There were 2034 DEGs among the 17,501 genes that were subject to RNAseq as shown by Chi-square test. The dataset had 589 cases, including 406 (68.7%) alive no disease, 65 (11.0%) alive with disease, 35 (5.9%) dead no disease, and 85 (14.4%) dead with disease (Table 1). There were 58 (9.9%) MSI-high CRC. The basic characteristics of these cases are summarized in Table 1.

Table 1 Baseline characteristics of the included colorectal cancer cases by outcome.

Genomic alterations of CRC driver genes

Among the 16 most frequently mutated or clinically significant CRC driver genes, APC, TP53 and KRAS were the most frequently seen, namely in 67% (393/589), 53% (312/589), and 38% (221/589) of the tumors, respectively (Supplementary Fig. 1 and Supplementary Table 2). The MSI related genes such as MSH2, MSH6, PMS2, MLH1, and POLE each had a mutation frequency of 3–6%, together accounting for about 8% of all tumors. The frequencies of driver-mutations in KRAS G13D, KRAS Non-G13D, NRAS, BRAF V600E, PKI3A, APC, and TP53 were 9.3% (55/589), 28.2 (166/589), 5.1% (30/589), 8.2% (48/589), 22.9% (155/589), 64.9% (382/589), and 52.6% (310/589), respectively. Interestingly, NTRK1, NTRK2, and NTRK3 driver mutations were seen in only 0.5% (3/589), 0% and 0% of the tumors, despite their 2–5% of overall mutation-frequencies. The most frequent genomic alteration of ERBB2, which is also clinically known as HER2/Neu, was amplification (3.4%, 20/589), including 2.9% (17/589) with amplification only and 0.5% (3/589) with amplification and mutation(s).

Tuning RF models

The RF model was tuned to find the best parameters to reach the highest possible accuracy. Through tuning, we found that the accuracy of the model can reach 69 or 70% when the parameters n_estimator, min_sample_splits, and n_jobs were not too few (i.e., n_estimator > 15, min_sample_splits > 2, n_jobs > 1), and the effect of min_samples_leaf to be less prominent when tuning (Fig. 2A, B).

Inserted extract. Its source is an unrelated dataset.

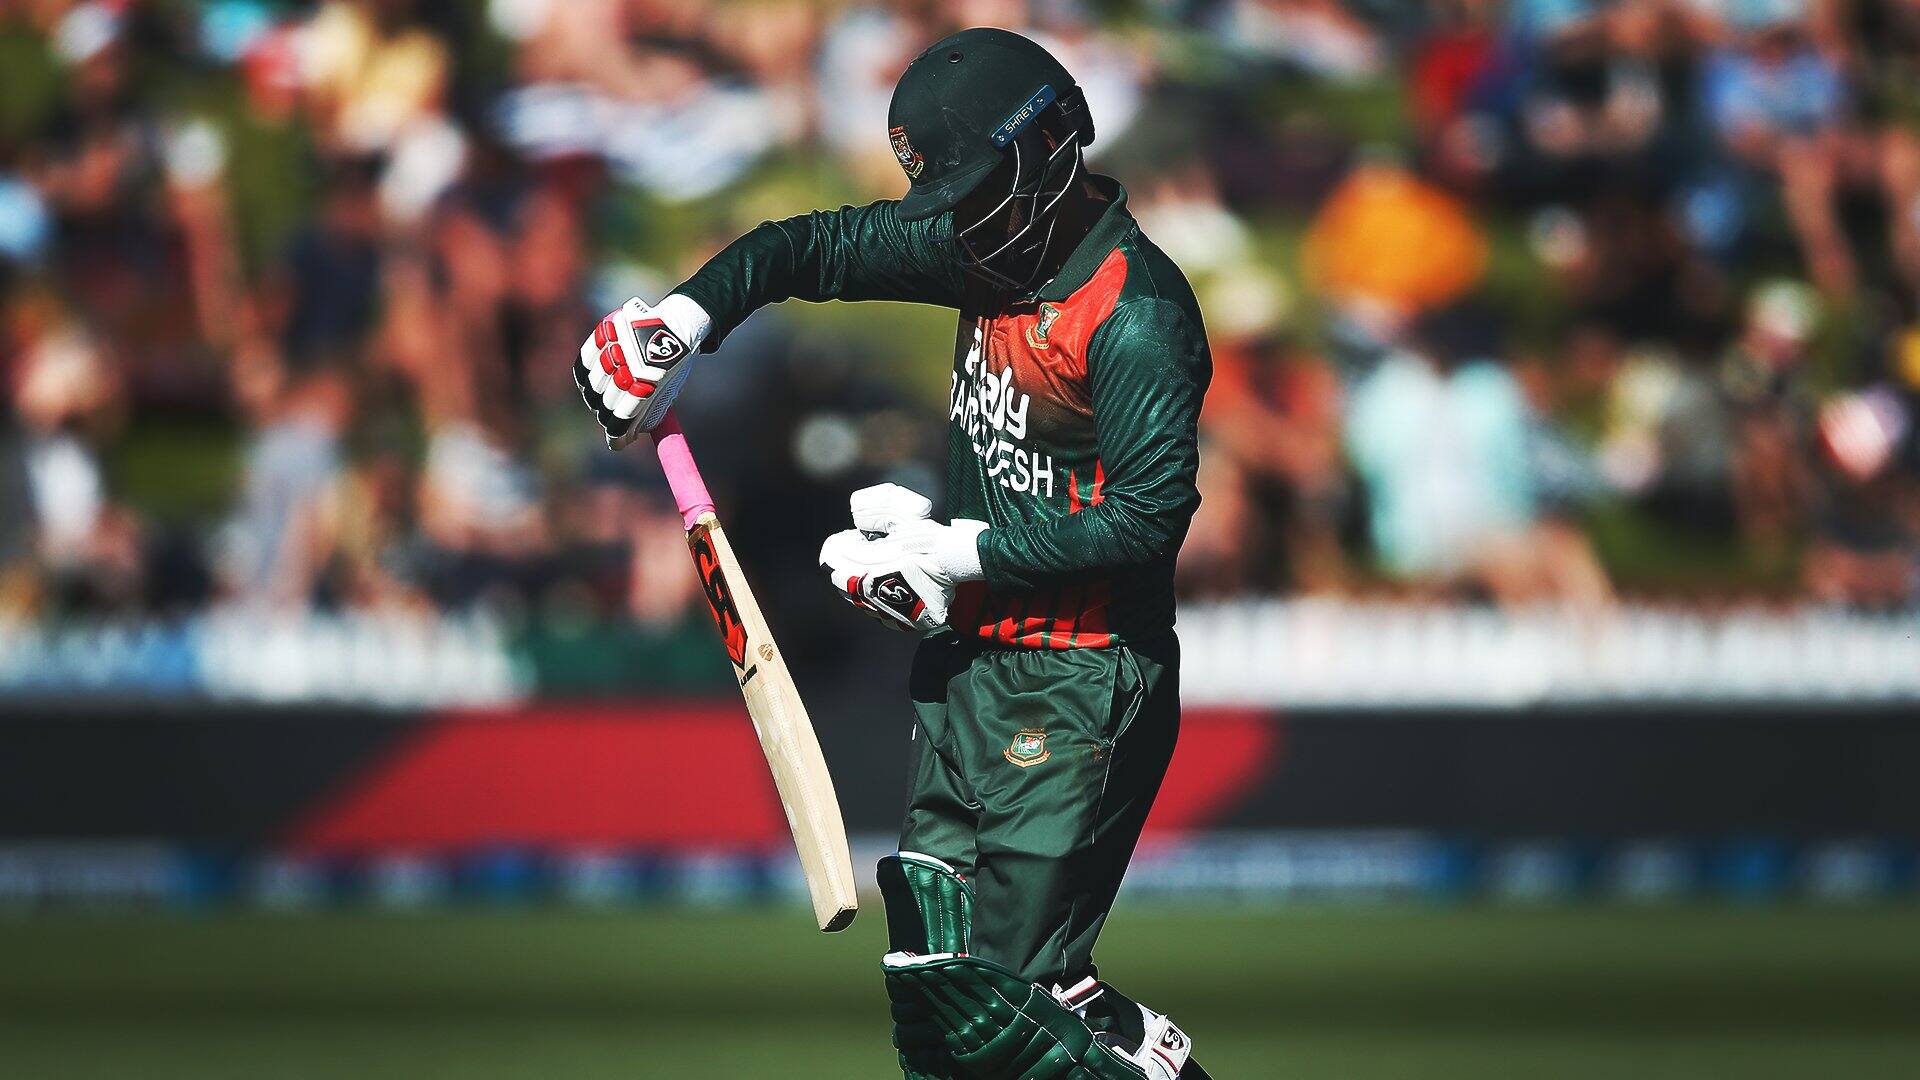 Bangladesh ODI captain Tamim Iqbal walks back after being dismissed in the third ODI against New Zealand. (Source: Twitter)

Fig. 2: Tuning the accuracy of the RF model.
figure 2

A Tuning the parameters n_estimators (from 5 to 195, in increments of 5) and min_sample_splits (from 2 to 14, in increments of 1). B Tuning the min_samples_leaf (from 1 to 25, in increments of 1) and n_jobs (from 2 to 14, in increments of 1).

The model was also tuned for its temporal efficiency. When the value of n_estimator was not too great (fewer than 130), the temporal efficiency of the model can be within 4 s (Fig. 3A). The effect of min_sample_splits was less prominent when tuning. Results also showed that when the value of n_jobs was sufficiently small (fewer than 10) and that of n_samples_leaf was sufficiently large (greater than 5), the efficiency of the model can range from 1.8 to 2.6 s (Fig. 3B).

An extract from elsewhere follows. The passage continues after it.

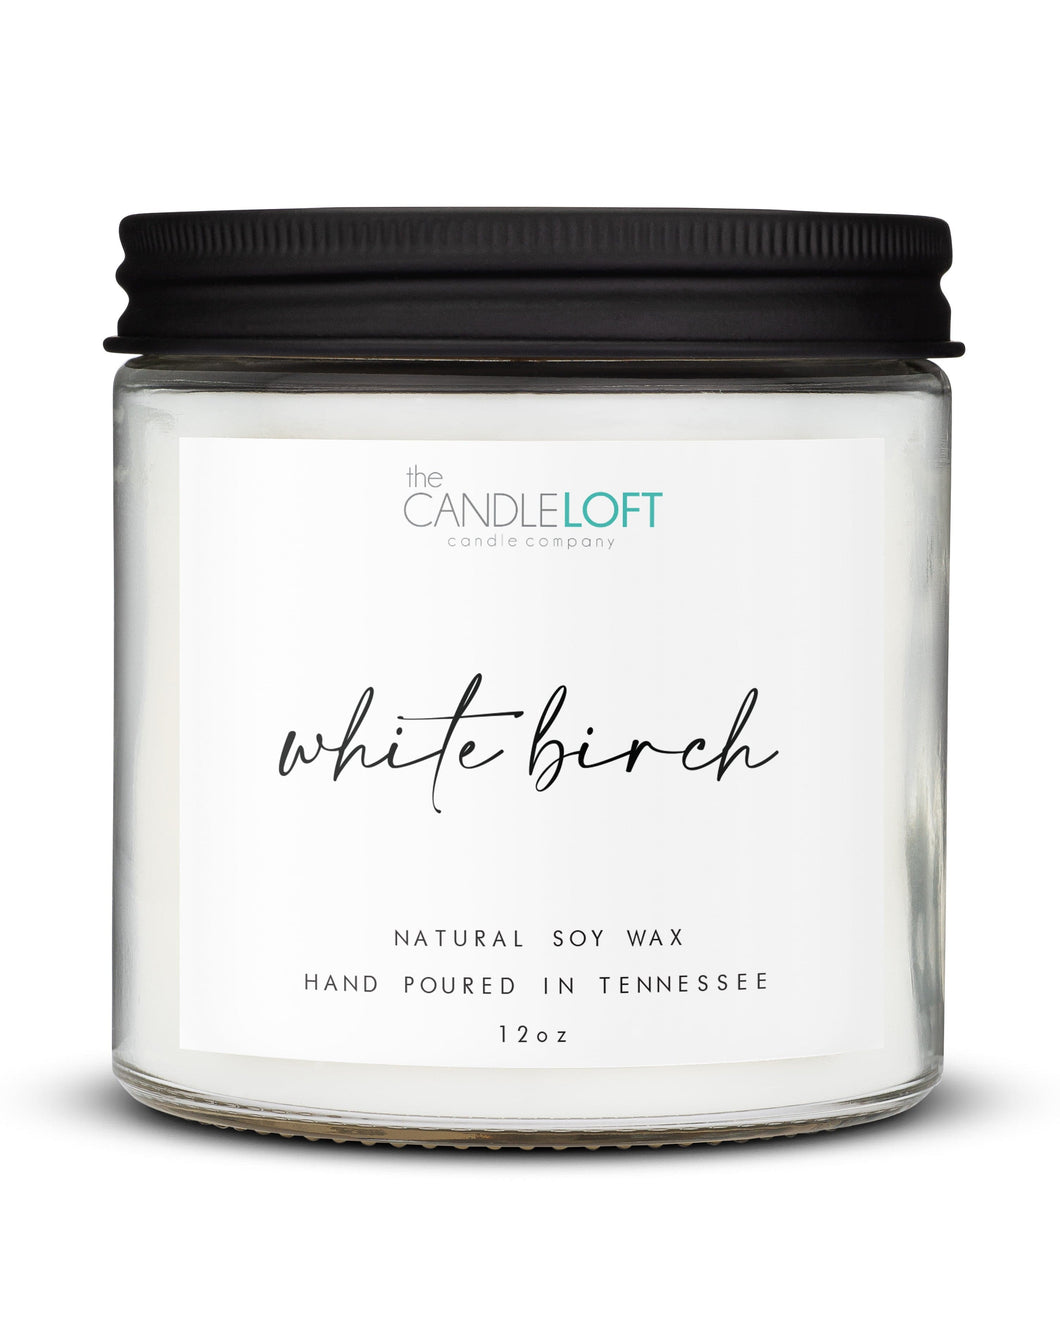 The Candle Loft Candles Signature 12oz White Birch Candle

Fig. 3: Tuning the RF model’s temporal efficiency.
figure 3

A Tuning the number of estimators and sample split. B Tuning the number of sample leaf and jobs without using graphic processing unit. The time of each individual run was measured in seconds.

Based on tuning results, the RF model was tuned with parameters n_estimator at 45, min_sample_splits at 4, min_samples_leaf at 1, and n_jobs at 4.

We performed 20 iterations of the tuned RF model, which appeared to have similar performances according to the confusion matrices and classification reports. Among these 20 iterations, the best classification accuracy of the model was 76% and it had a temporal efficiency of 2.57 s.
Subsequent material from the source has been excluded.